They
can wait for months, clinging to the edge of a blade of grass or a bush, for the
whiff of an animal's breath or vibration telling them a host approaches.
They
are ticks—and when they attach to your skin and feed on your blood over many
days, they can transmit diseases. Often hard to diagnose and tricky to treat,
tick-borne illnesses—led by Lyme disease—can cause symptoms ranging from
headache and muscle aches, to serious and long-term complications that affect
the brain, joints, heart, nerves and muscles. Preventing bites to head off
illness is particularly important, experts say, because the complex interaction
between ticks, their hosts, bacteria and habitats isn't completely
understood.
Warmer
temperatures are leading some experts to warn that tick activity is starting
earlier than usual this year, putting more people at risk.
"This
is going to be a horrific season, especially for Lyme," says Leo J. Shea III, a
clinical assistant professor at the Rusk Institute of Rehabilitation Medicine,
part of New York University Langone Medical Center. He is also president of the
International Lyme and Associated Diseases Society.
Lyme
may be identified after a tick bite, for example, by an expanding rash that
looks like a bull's-eye. But that doesn't always happen, and even after a tick
bite, antibodies against Lyme may not show up for weeks, so early blood tests
can turn up false negatives. Symptoms such as fatigue, chills, fever, headache
and swollen lymph nodes may be misdiagnosed. Some infections can go undetected
for months or even years. When caught early, tick-borne diseases can be treated
successfully with two weeks of antibiotics, but doctors and researchers still
argue about whether a chronic form of Lyme exists, and whether it should be
treated with longer courses of the drugs.
To Fight Ticks
Between
1992 and 2010, reported cases of Lyme doubled, to nearly 23,000, and there were
another 7,600 probable cases in 2010, according to the Centers for Disease
Control and Prevention. But CDC officials say the true incidence of Lyme may be
three times higher. Other infections, including babesiosis, Rocky Mountain
spotted fever, and anaplasmosis are steadily increasing, too. While not all
ticks carry disease, some may spread two or three types of infections in a
single bite.
Researchers
say the primary reasons for the global rise of tick-borne illness include the
movement of people into areas where animal hosts and tick populations are
abundant, and growth in the population of animals that carry ticks, including
deer, squirrels and mice.
"We
haven't even begun to scratch the surface of the type of pathogens ticks can be
harboring and transmitting," says Kristy K. Bradley, state epidemiologist and
public health veterinarian for the Oklahoma State Department of Health.
Animals
"are a traveling tick parade," Dr. Bradley adds, with pet dogs "bringing them
into the home and onto furniture and carpets."
Regularly
checking the body for ticks can reduce exposure, because removing them quickly
can prevent transmission of disease, says Kirby C. Stafford III, chief
entomologist at the Connecticut Agricultural Experiment Station, or CAES, in New
Haven.
Showering
or bathing quickly after being outdoors can also help wash off crawling ticks or
make it easier to find them. What won't work: simply jumping in the pool or
lake, because ticks can hide in bathing suits and don't quickly drown in water.
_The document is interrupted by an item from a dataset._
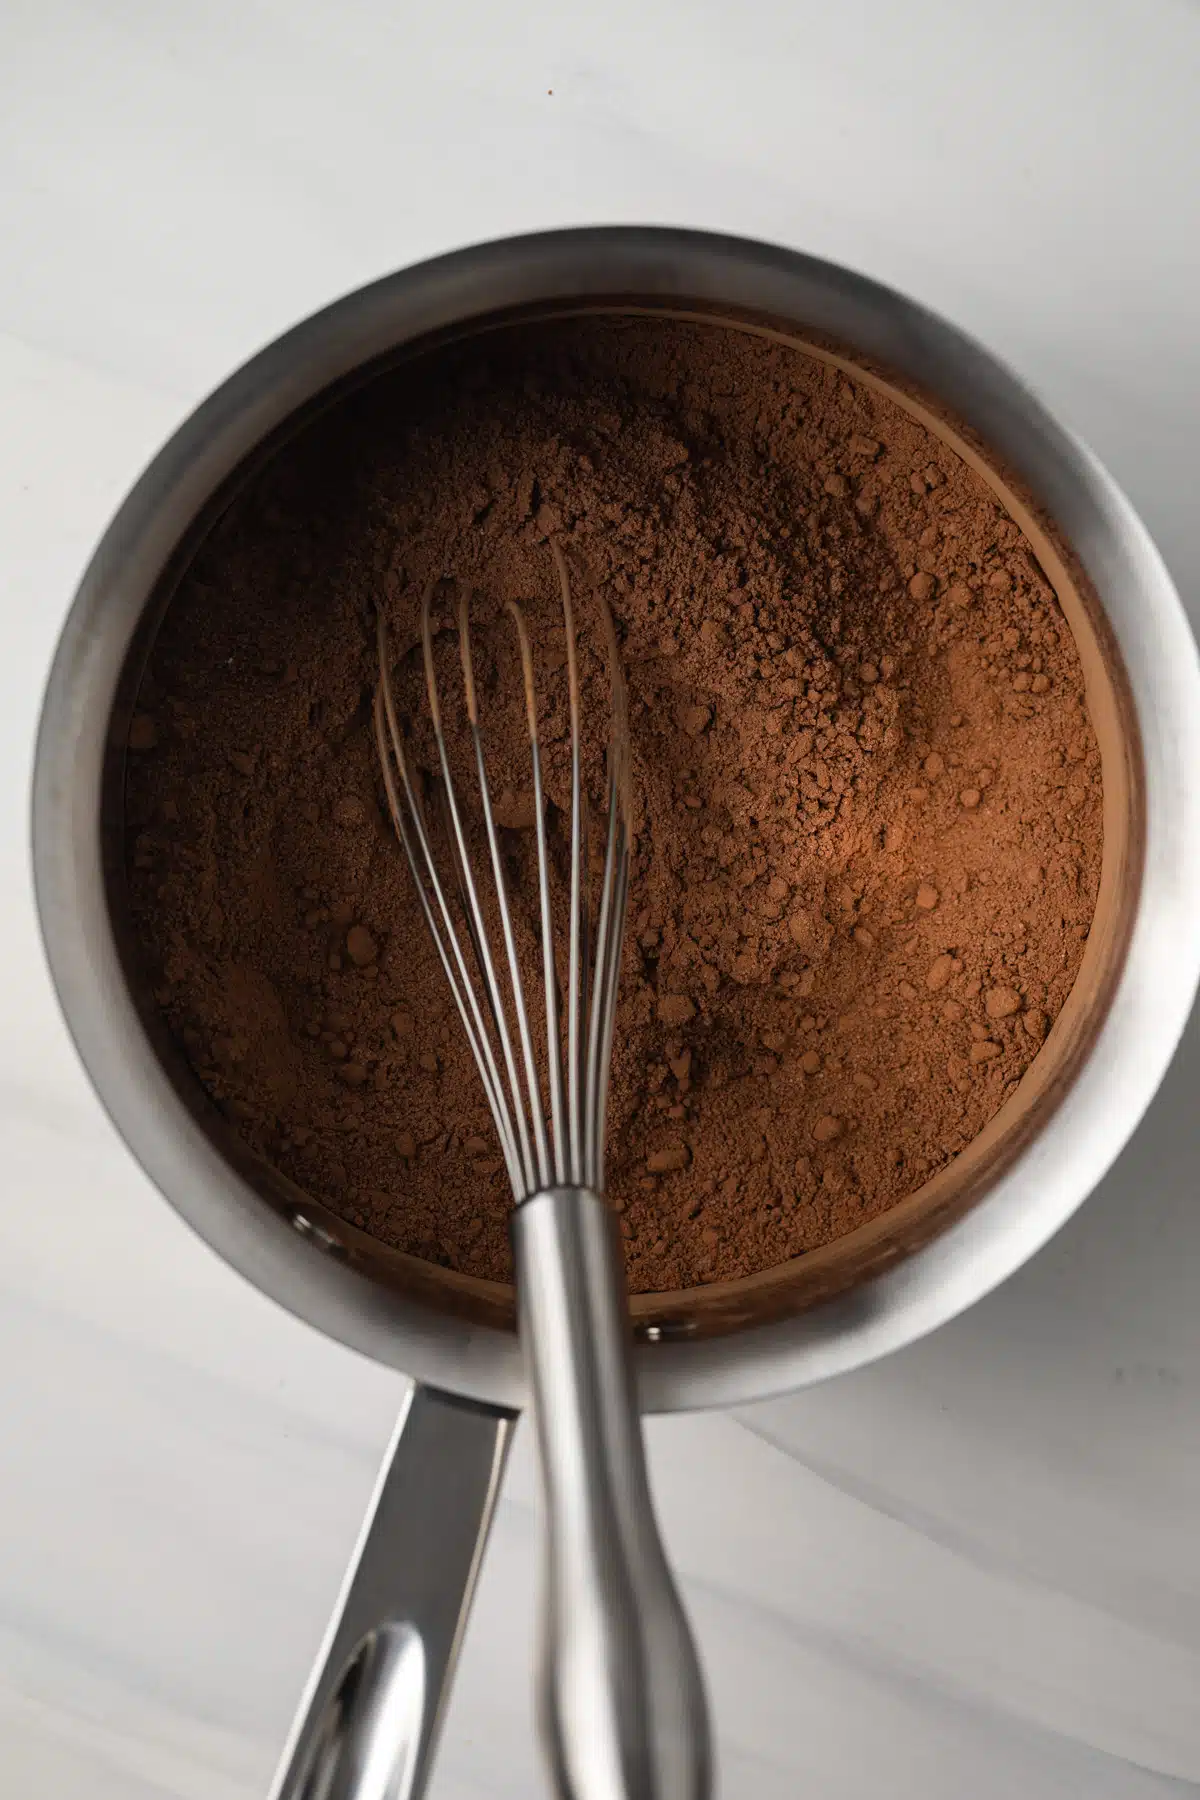 Cocoa powder in saucepan.

There are tick-repellent sprays for clothes, but it is wise to immediately
launder and dry garments at high temperatures after hiking or golfing in areas
where ticks are present.
The
CDC is conducting the first study of its kind to determine whether spraying the
yard for ticks can not only kill pests, but also reduce human disease.
Participating households agreed to be randomly assigned a single spray with a
common pesticide, bifenthrin, or one that contained water, without knowing which
they would receive.
Paul
Mead, chief of epidemiology and surveillance activity at CDC's bacterial-illness
branch, says preliminary results from about 1,500 households indicate that a
spray reduced the tick population by 60%.
"But
there was far less of a reduction in tick encounters and illness," indicating
that even a sharp drop in tick populations leaves infected ones behind. "We may
have to completely wipe out ticks to get an effect on human illness," he
says. The CDC is enrolling
households for a second arm of the
study and expects final results late in the fall. Organic repellents such as
Alaska cedar are also being tested in other studies.
Sometimes
fire is the only solution: Wildlife biologist Scott C. Williams roams
Connecticut's woods armed with a propane torch to incinerate clumps of Japanese
barberry, an invasive plant species that chokes off native vegetation and
provides a favorite habitat for ticks.
The
CAES program to control the red-berried shrub—once cultivated as decorative—is
part of the growing, multifaceted effort around the country to prevent the
spread of infections like Lyme, which Dr. Williams has been treated for twice
since beginning the project in 2007.
Dr.
Bradley's home state of Oklahoma is one of several working with the One Health
Initiative, a global program to improve communication between physicians and
veterinarians to prevent the spread of infectious disease from animals to
people, such as recommending tick collars, sprays or topical treatments with
pesticides for dogs.
One
problem, says Laura Kahn, a founder of One Health, is that "vets don't like to
advise people on human health and physicians don't typically think about these
things, so it falls through the cracks." About 75% of new diseases that have
emerged globally in the last 30 years are spread from animals to people, many of
them through ticks, says Dr. Kahn, who is also a science-and-global-security
researcher at Princeton University.
Jason
Lipsett, 21 years old, was diagnosed with Lyme in November, after suffering for
three years with symptoms including problems with his jaw, recurring sinus
infections, migraines and trouble sleeping. He had to give up playing tennis and
take a medical leave from Bentley University in Waltham Mass., where he was a
senior. He doesn't remember being bitten by a tick but had been camping in the
woods in New Hampshire and often spent time outdoors during the summers at a
family home in Cape Cod.
Doctors
told him he might have chronic fatigue syndrome or fibromyalgia. Depressed about
his health, he began seeing a therapist who knew about the symptoms of Lyme and
referred him to another physician. That doctor determined he had Lyme—and
babesiosis, caused by a parasite that destroys red blood cells.
Mr.
Lipsett has been on an antibiotic regimen for four months. He says he has felt
better each month and that he is prepared to stay on the drugs until he and his
doctor are confident the disease is under control. He is making up courses and
hopes to graduate next year. He plans to participate in a 5K run on April 29 to
raise money for Time for Lyme, a Stamford, Conn. nonprofit that supports
research into Lyme and other tick-borne illnesses.
"I
may not be able to run, but I'm going to try to walk it," he says.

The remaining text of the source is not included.